Thanks for the compliment. I use a comb. Also you are correct you need to be an octopus to hold all of this together and then put paint on. I use vise grips to hold the jig, then on top of that vise grips to hold the comb. In one hand a heat gun and the other hand powder paint. Yes it gets very tricky. But it does work. I wouldn't want to do a thousand of these though.



Downriver Tackle said:


> I have a buddy that gets pretty descent detail with powder paint, but he has 3 different size guns. One is small for stripes and spots and still electrostatic. I know that the electrostatic feature can make a HUGE difference. It locks those particles where you spray them and you get much finer detail and almost no overspray look.


You are absolutely correct.

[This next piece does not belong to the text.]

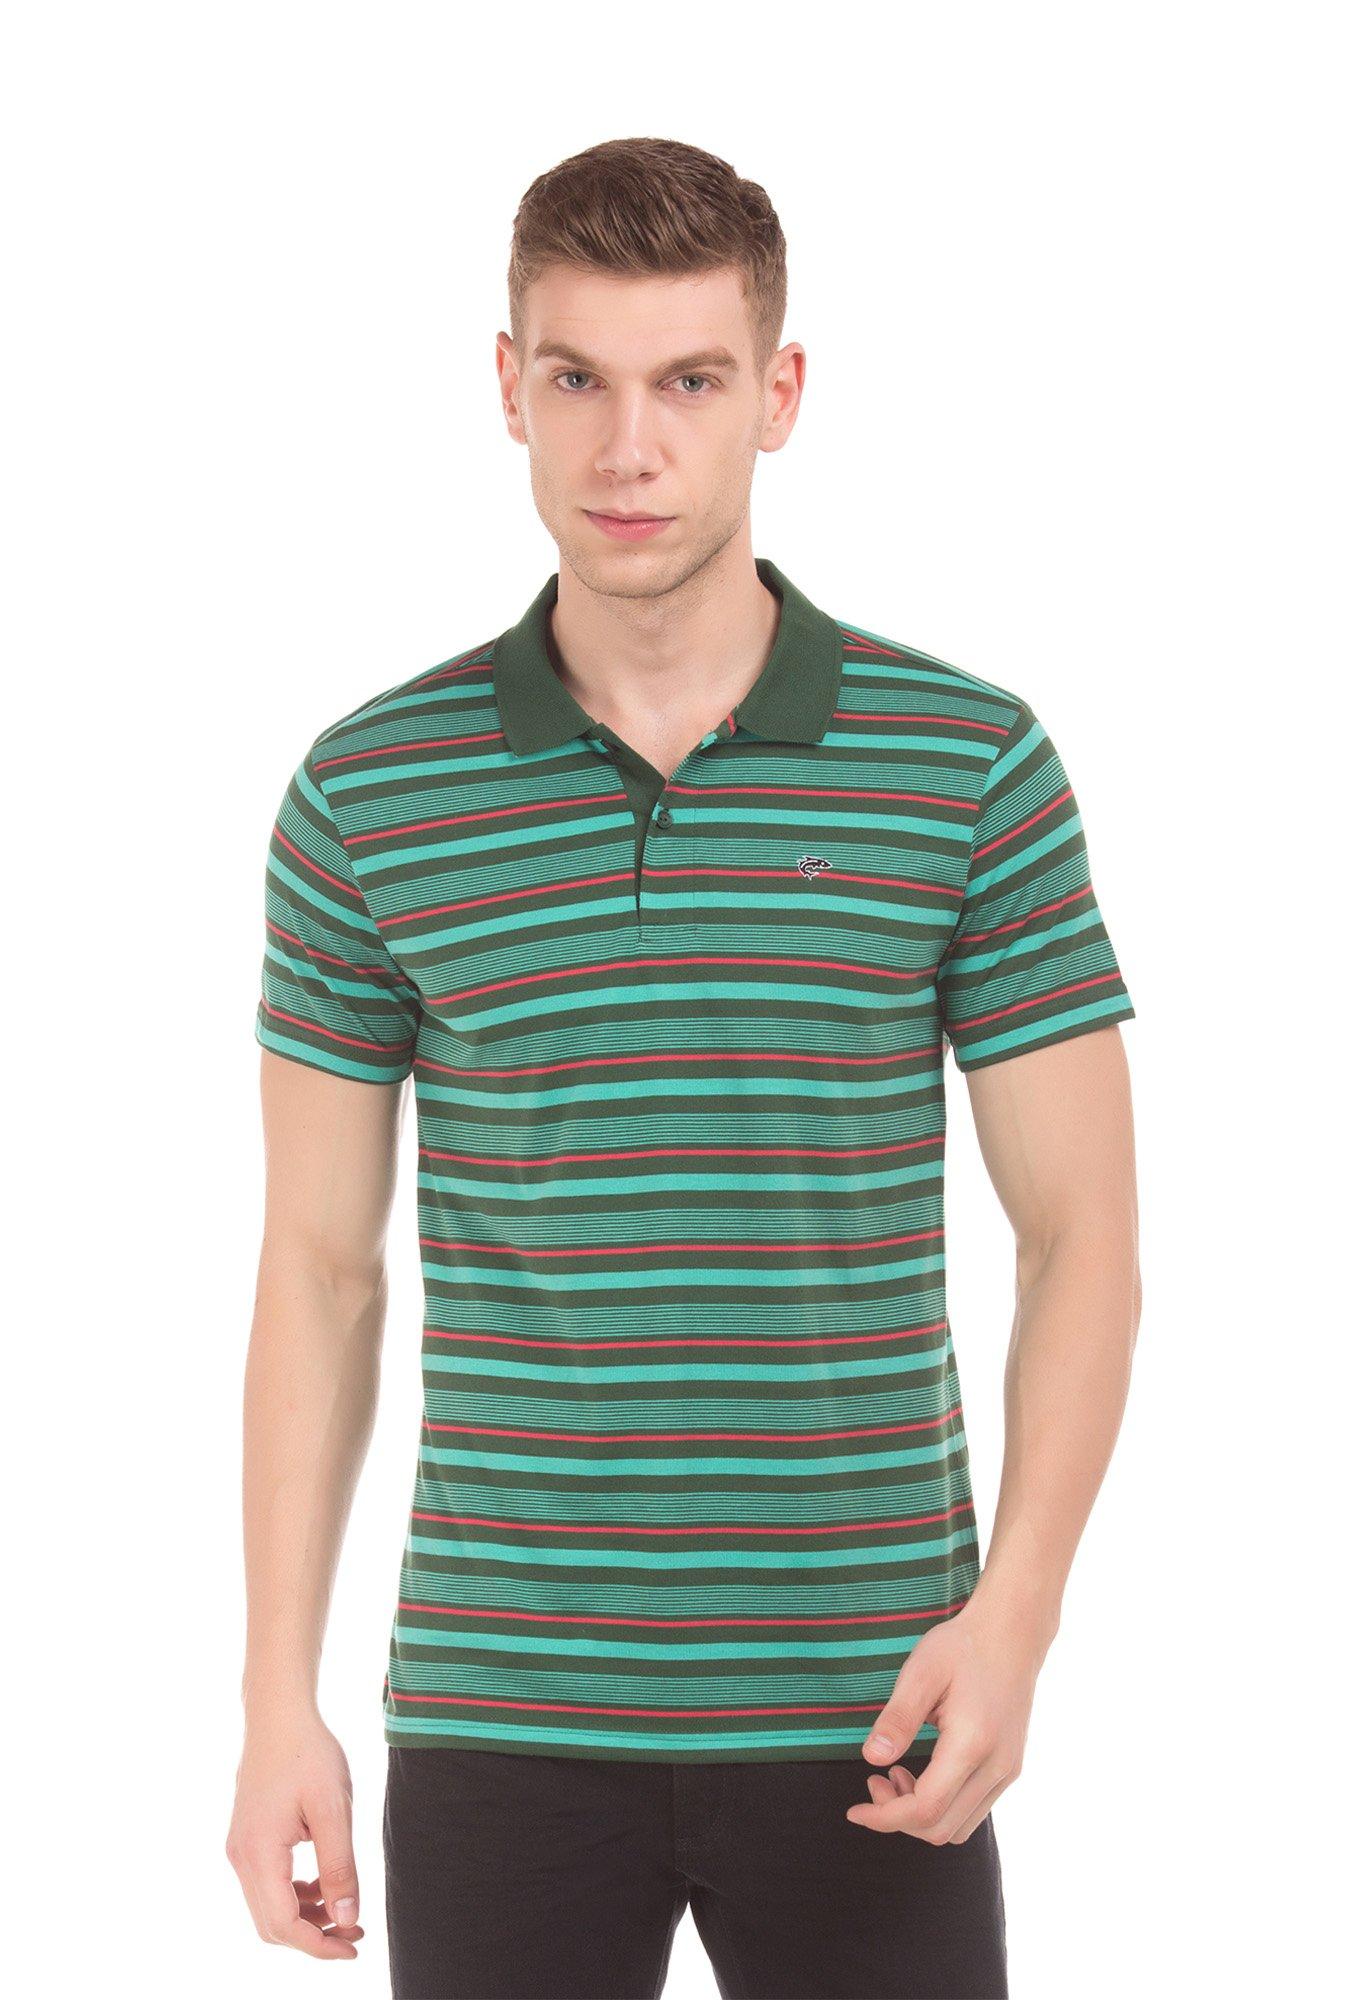 906b95b39f709f Buy Ruggers Green Cotton Polo T-Shirt for Men Online @ Tata CLiQ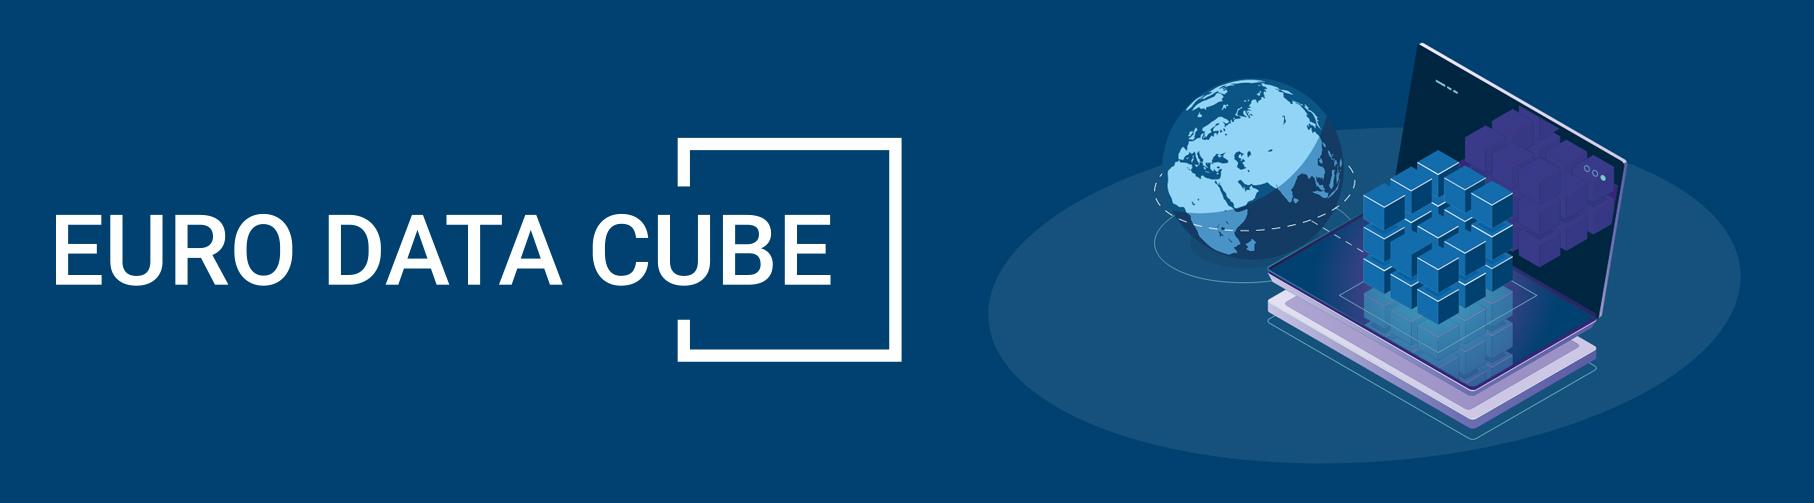 20440c99-e00d-11e7-a98f-06b2d989fe84%2F1578402087907-Euro+Data+Cube.jpg

We have an electrostatic system at work, but that is for bigger items. The electrical charge does draw the powder to the piece and hold it there until it goes into the oven. The only drawback to that is that it wastes a lot of powder. But the process its really neat. I would like to get a really small version of that for the home.


----------



## All Eyes (Jul 28, 2004)

Those look great Cadman! I have powder coated some of my blades but found that the added thickness takes something away from the action. Even when I dusted them with a brush as you suggested it seems like they don't vibrate quite as well. Of course that's without using a flow bed so I'm guessing that's where my problem is. 
Using a hand file I took the color off of some of them down to bare metal (copper or brass) and the combo of powder coat colors and shiny metal coming through here and there look pretty cool.


----------



## "Big" mark the shark (Jan 21, 2010)

Man those are great it's hard to believe you can do that with powder paint.


----------



## cadman (Jan 25, 2009)

[quote="Big" mark the shark;1137605]Man those are great it's hard to believe you can do that with powder paint.[/quote]

Thanks for the compliment. I try to put out a good product. There are lot of things you can do with powder paint, however like anything else nothing is ever easy, yet it is attainable if you are persistant.


----------